Kulcha: A bread originating from Punjab, made with all-purpose flour and yoghurt. It is often stuffed with a filling such as a paneer or a potato.

Appam: A popular bread from South India, made with fermented rice batter. It has a soft and fluffy centre with a crisp lace-like edge.

Dosa: A thin and crispy pancake-like bread made from fermented rice and lentil batter. It is usually served with sambar (vegetable and lentil stew) and chutney.

Uttapam: A thick and savoury pancake made with fermented rice and lentil batter. It is topped with various vegetables and served with chutney.

Missi Roti: A flavorful bread made with a combination of wheat flour, gram flour (besan), and spices. It is popular in North Indian cuisine.

Luchi: A deep-fried, puffed bread made with all-purpose flour. It is commonly served with aloo dum (spiced potato curry).

Tandoori Roti: Similar to naan, tandoori roti is cooked in a tandoor oven. It is a plain and slightly thicker bread made from whole wheat flour.

Sheermal: A saffron-infused, slightly sweet bread known for its rich flavour and delicate texture. It is typically served with kebabs or curries.

Rumali Roti: Translating to “handkerchief bread,” rumali roti is a thin and soft bread that resembles a handkerchief in its sheer and stretchable texture. It is best enjoyed with spicy gravies.

Malabar Parotta: A flaky, layered bread from the Malabar region of Kerala. It is made with all-purpose flour, and ghee, and usually accompanies curries or stews.

Thepla: A popular Gujarati bread made with whole wheat flour, spices, and finely grated vegetables like fenugreek leaves. It is often enjoyed as a snack or with yoghurt.

Makki ki Roti: A traditional Punjabi bread made from cornmeal (maize flour). It is usually paired with sarson ka saag (mustard greens curry) and is particularly popular during winter.

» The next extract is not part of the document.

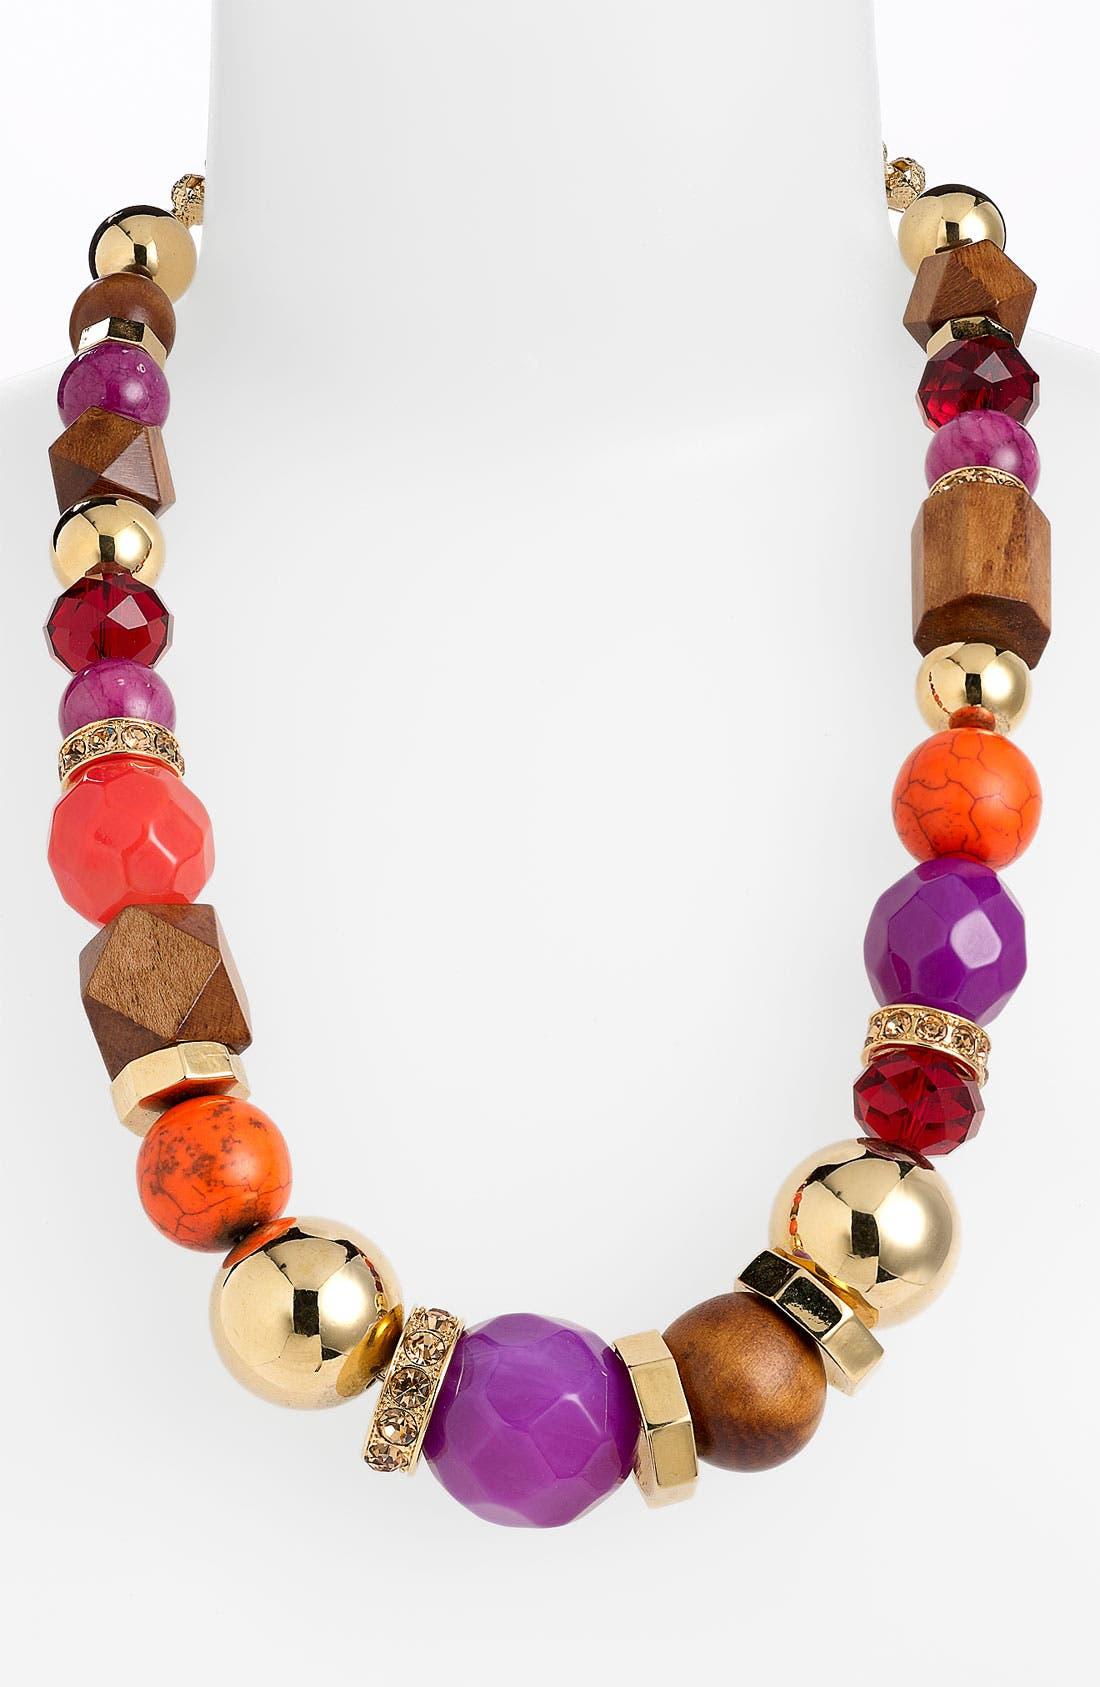 Alternate Image 1 Selected - kate spade new york 'totem park' necklace

Akki Roti: A speciality from Karnataka, akki roti is a gluten-free bread made with rice flour and flavoured with spices, herbs, and vegetables. It is typically served with chutney or yoghurt.

Pathiri: A thin, soft, and round bread made from rice flour, popular in the Malabar region of Kerala. It is often enjoyed with meat or vegetable curries.

Khakhra: A thin, crispy, and unleavened bread made from wheat flour. It is typically seasoned with spices and enjoyed as a snack or with pickles and chutneys.

Roghni Naan: A rich and indulgent variation of naan bread, prepared with the addition of ghee or butter in the dough. It has a soft texture and is often served with kebabs or creamy gravies.